Sinal disso é que os
deuses do batuque recebem polenta ou churrasco como oferendas, além de caldos
com erva-mate, e vestem até bombacha.
Mas, para o Prof. Dr. Norton
Figueiredo Corrêa, existe por trás disso uma enorme assimetria de poder social
e cultural, especialmente entre as religiões cristãs e as afro-brasileiras. Em
termos de cosmovisão, por exemplo, ele afirma que, "enquanto a sexualidade
é condenada no catolicismo (e no céu também não existe sexo), os deuses
afro-brasileiros namoram as deusas".
E se o céu católico-cristão parece
algo eternamente inerte, as representações referentes aos orixás
"mostram-nos em movimento, guerreando, amando".
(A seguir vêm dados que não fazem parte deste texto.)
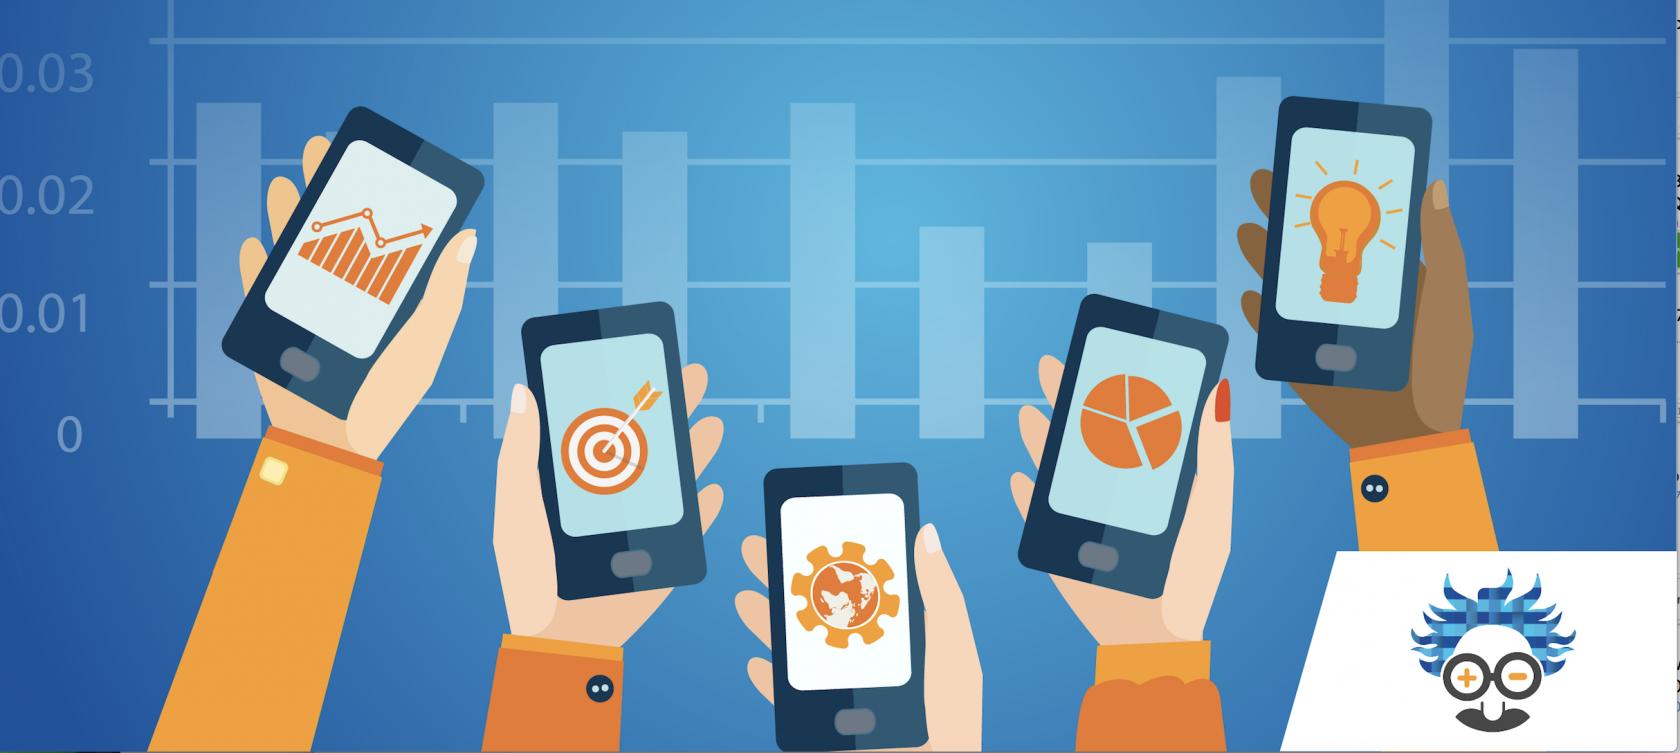 marketing apps

Nesta entrevista concedida à IHU
On-Line, por e-mail, Corrêa defende que justamente os brancos que ocupam as
posições de maior poder na sociedade gaúcha é que vão buscar o poder simbólico
que creditam aos sacerdotes da comunidade religiosa afro-brasileira. Segundo
ele, Borges de Medeiros (1863-1961), presidente do Estado do Rio Grande do Sul
por mais de 25 anos, era cliente de um famoso e rico sacerdote africano. Por
outro lado, Dom Vicente Scherer (1903-1996), cardeal e ex-arcebispo de Porto
Alegre, manteve, por muitos anos, um ataque frontal às religiões afro, hoje
manifestado pela Igreja Universal do Reino de Deus.
Confira a entrevista.
Quais são as origens do batuque?
Poderia situá-las?
Norton Figueiredo Corrêa – O
batuque provavelmente surgiu em Rio Grande, na segunda metade do século XIX. Um
trabalho muito interessante de mestrado, de Jovani Scherer, detectou uma considerável
colônia de nagôs na cidade. É possível que uma parte dos negros de origem
jêje-nagô tivessem vindo da África, diretamente, e uma parte de outros Estados
brasileiros. São extraordinariamente grandes as semelhanças entre o batuque e o
xangô pernambucano. Do Rio Grande do Sul, o batuque migrou para o Prata, hoje
há muitas casas "de religião", para usar um termo usado por seus
integrantes, na Argentina, Uruguai, Paraguai e outros países vizinhos.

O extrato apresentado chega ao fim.